CDS 110b: Linear Quadratic Regulators
|CDS 110b||← Schedule →||Project|
This lecture provides a brief derivation of the linear quadratic regulator (LQR) and describes how to design an LQR-based compensator. The use of integral feedback to eliminate steady state error is also described.
- Lecture Presentation
- Homework 3 - due 30 Jan 08
- pvtol_lqr.m - MATLAB script demonstrating LQR design
References and Further Reading
- R. M. Murray, Optimization-Based Control. Preprint, 2008: Chapter 2 - Optimal Control
- Lewis and Syrmos, Section 3.4 - this follows the derivation in the notes above. I am not putting in a scan of this chapter since the course text is available, but you are free to have a look via Google Books.

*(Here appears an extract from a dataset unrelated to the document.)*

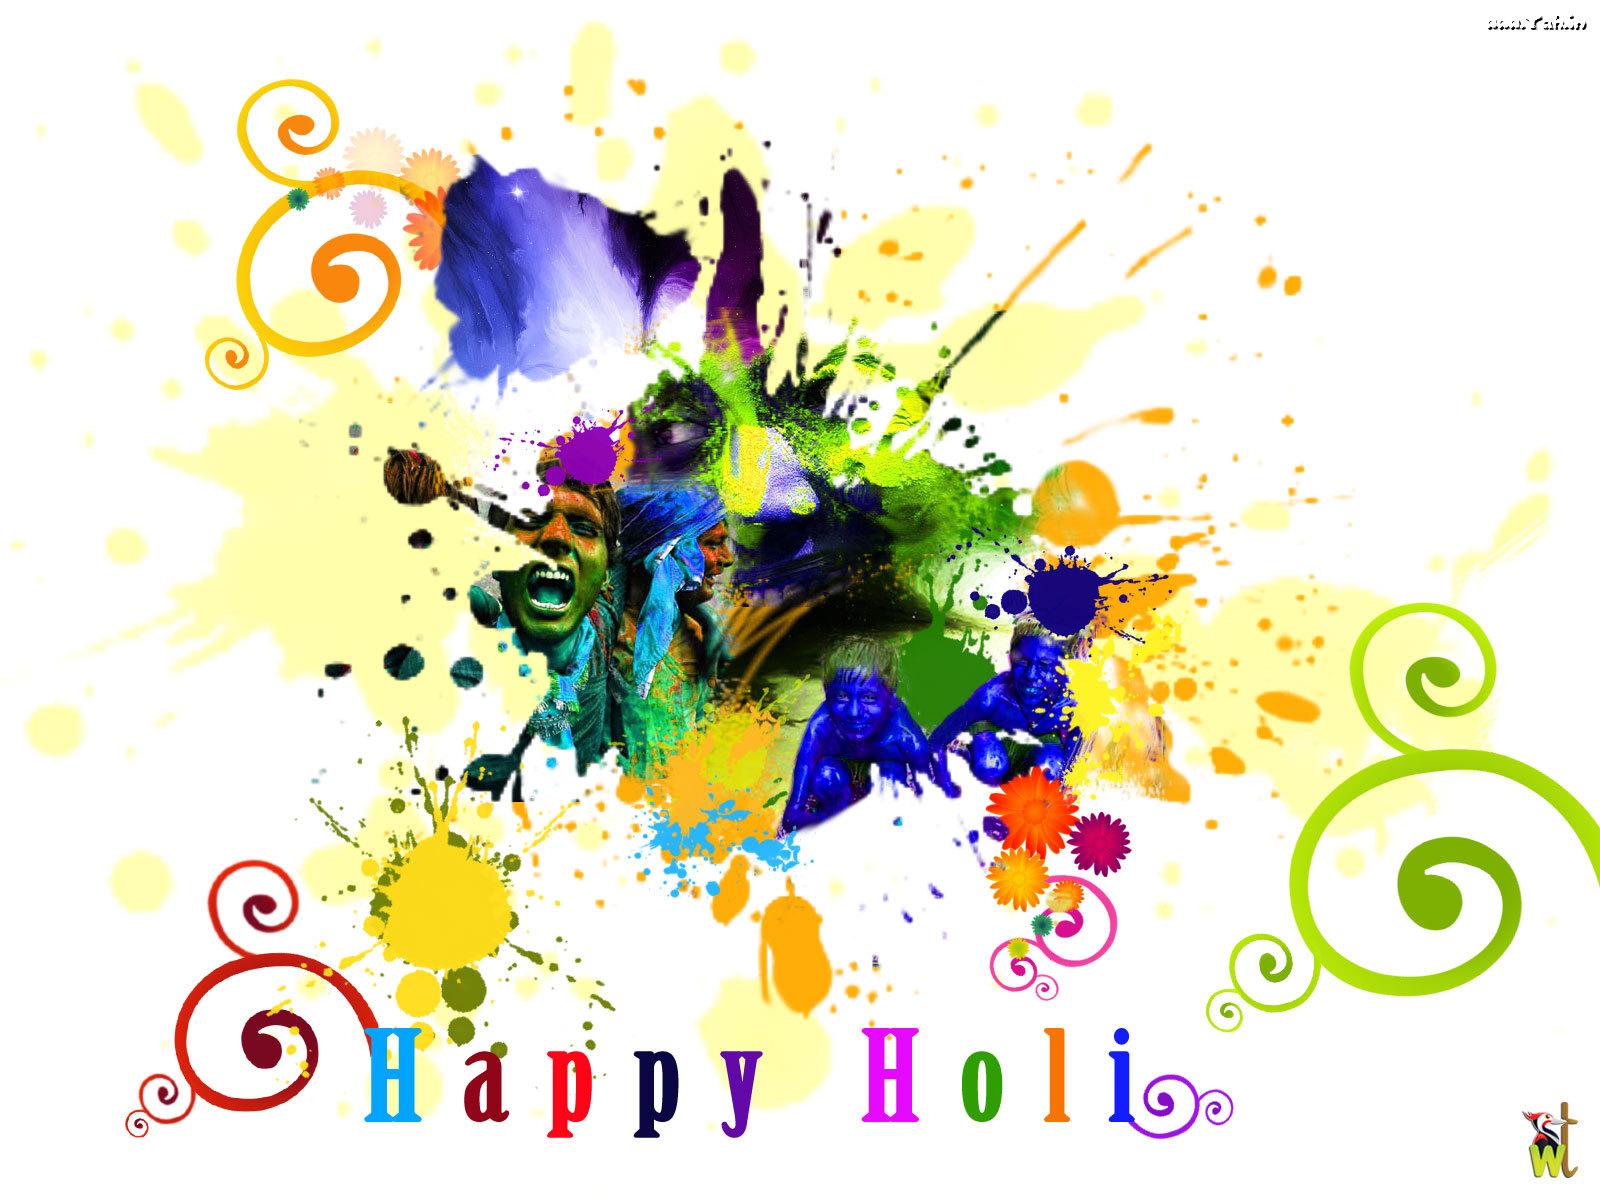 http://1.bp.blogspot.com/-oIoxk7cpqSA/UUtyvi4eCGI/AAAAAAAABhk/hDW9HCZAyFY/s1600/happy-holi-wallpapers-01.jpg

- Friedland, Ch 9 - the derivation of the LQR controller is done differently, so it gives an alternate approach.
Frequently Asked Questions
Q: What do you mean by penalizing something, from \(Q_x \geq 0\) "penalizes" state error?
According to the form of the quadratic cost function \(J\), there are three quadratic terms such as \(x^T Q_x x\), \(u^T Q_u u\), and \(x(T)^T P_1 x(T)\). When \(Q_x \geq 0\) and if \(Q_x\) is relative big, the value of \(x\) will have bigger contribution to the value of \(J\). In order to keep \(J\) small, \(x\) must be relatively small. So selecting a big \(Q_x\) can keep \(x\) in small value regions. This is what the "penalizing" means.
So in the optimal control design, the relative values of \(Q_x\), \(Q_u\), and \(P_1\) represent how important \(X\), \(U\), and \(X(T)\) are in the designer's concerns.